### [REQUIREMENT]
Using the records that follow, reproduce exactly the lines starting at the line containing "Raiffeisen Bank treaba" and ending at the line containing "Door-to-door baggage service Morbi to Punjab". Include both end lines and no pictures.
START INPUT FOR THIS TASK
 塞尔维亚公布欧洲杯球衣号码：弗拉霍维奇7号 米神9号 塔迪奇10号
END INPUT FOR THIS TASK
START INPUT FOR THIS TASK
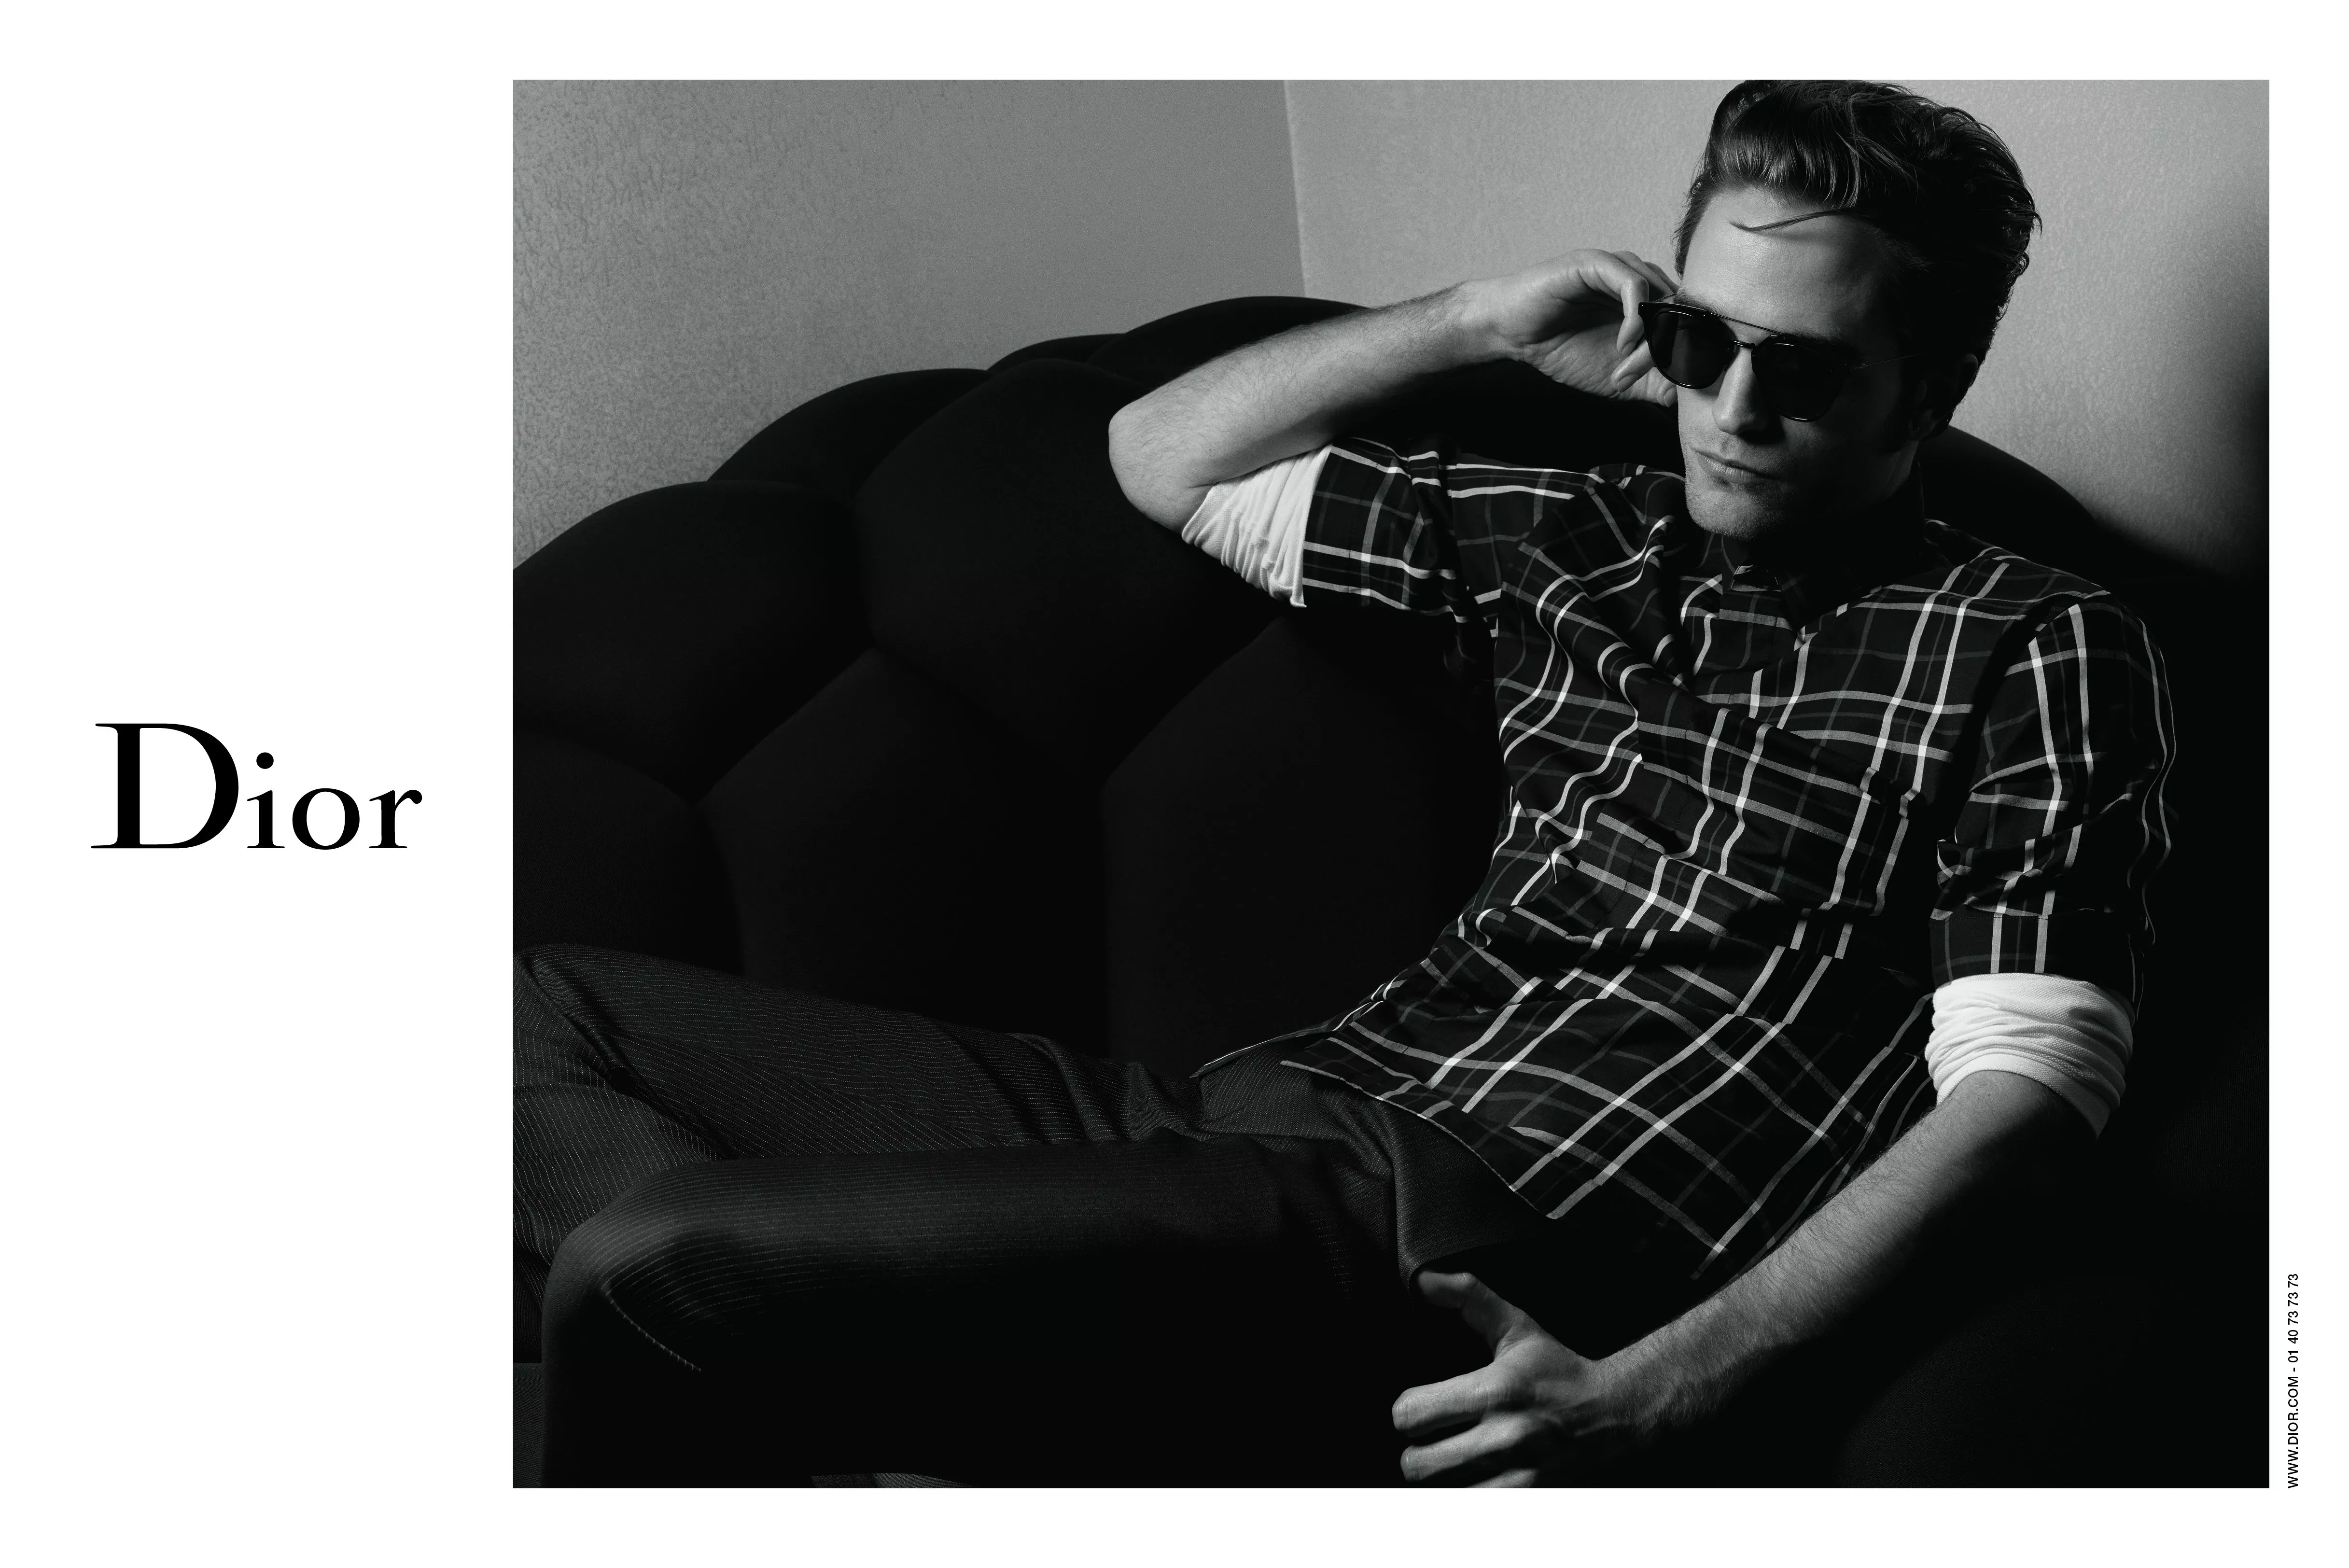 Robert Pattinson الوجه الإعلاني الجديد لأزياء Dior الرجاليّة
END INPUT FOR THIS TASK
START INPUT FOR THIS TASK
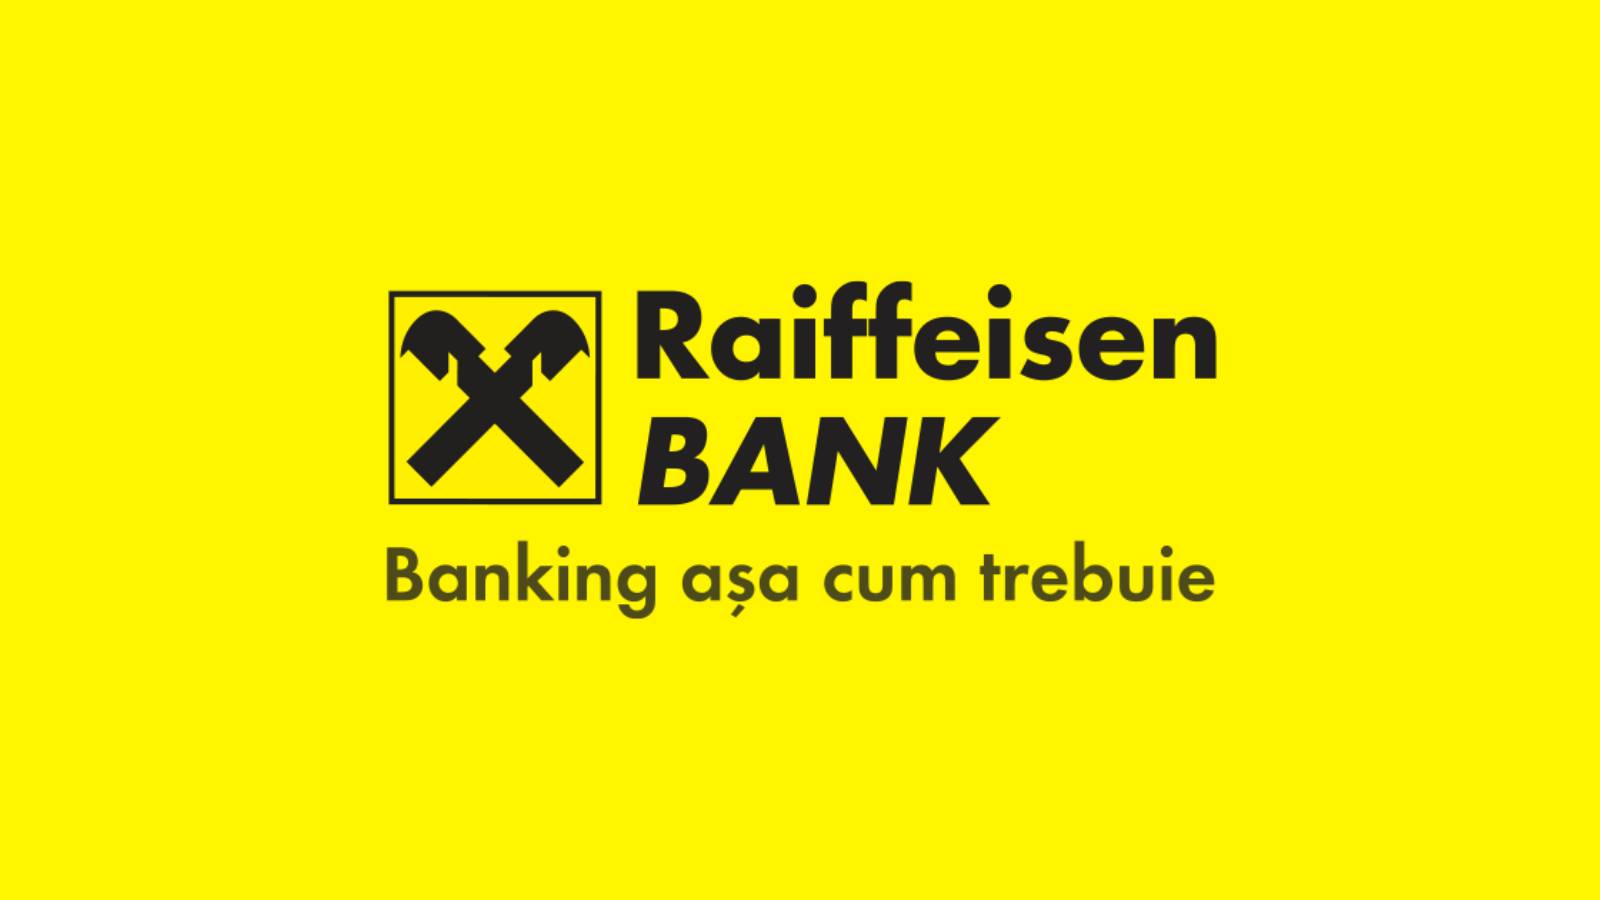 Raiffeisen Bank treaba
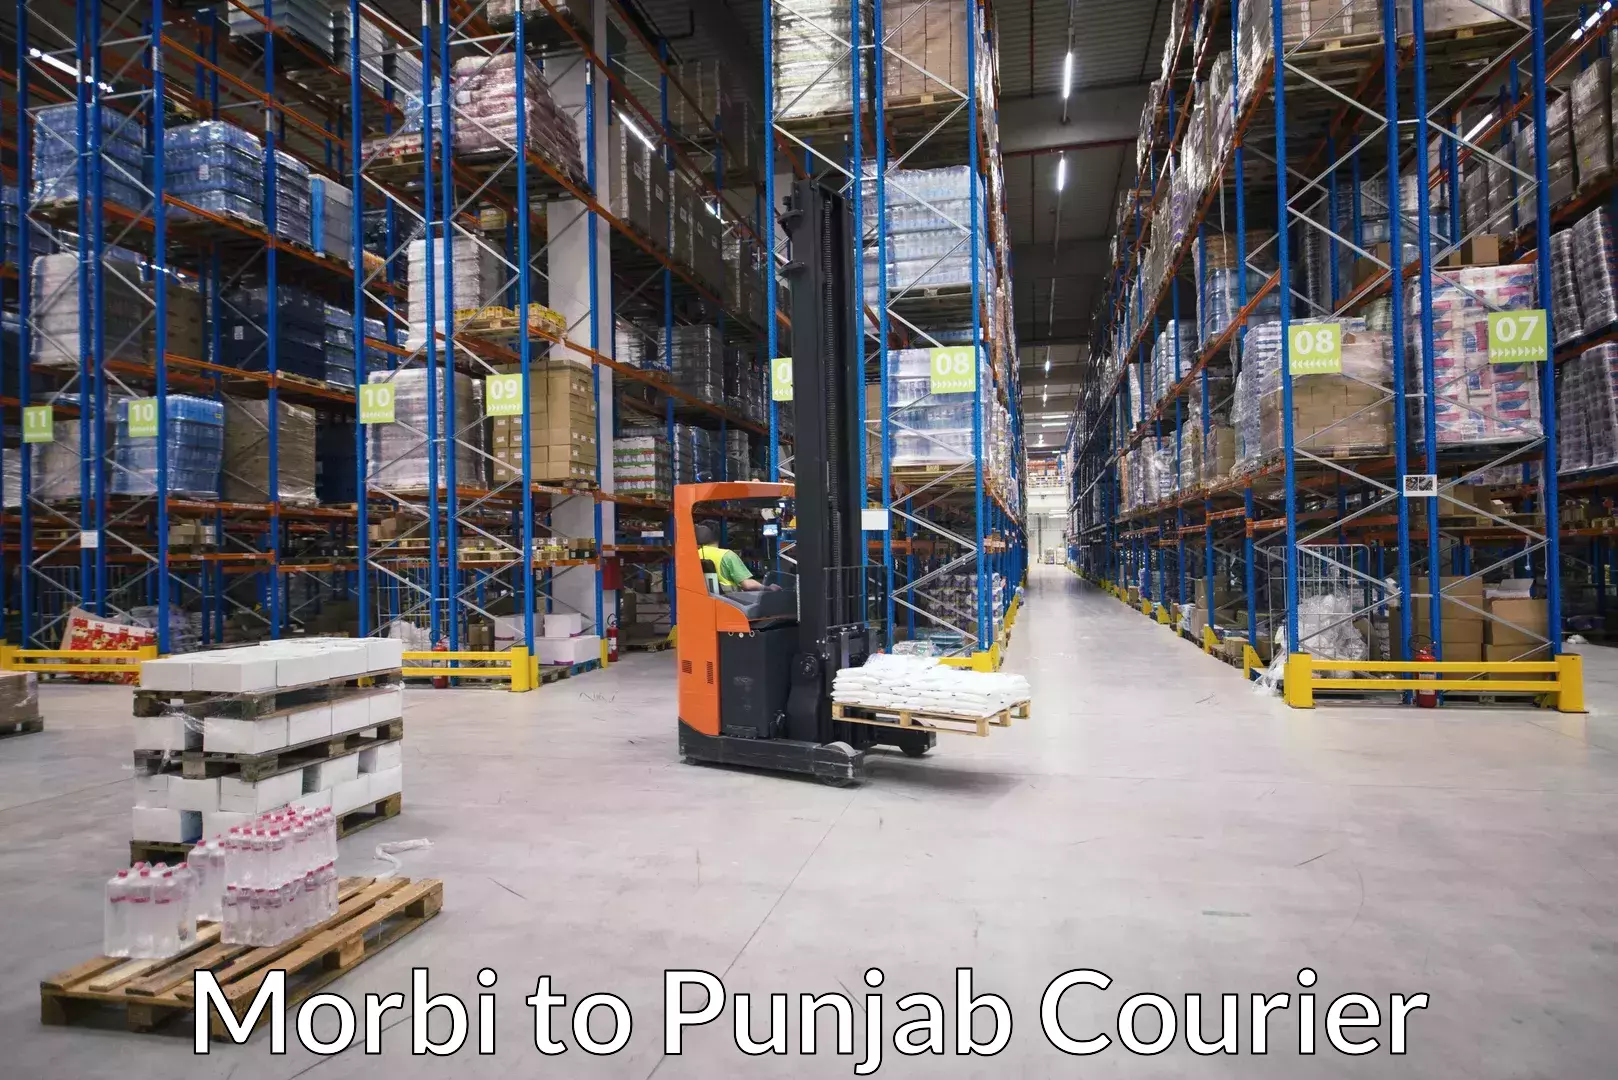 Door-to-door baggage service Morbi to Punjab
END INPUT FOR THIS TASK
### [SOLUTION TO THIS PROBLEM]
 Raiffeisen Bank treaba
 Door-to-door baggage service Morbi to Punjab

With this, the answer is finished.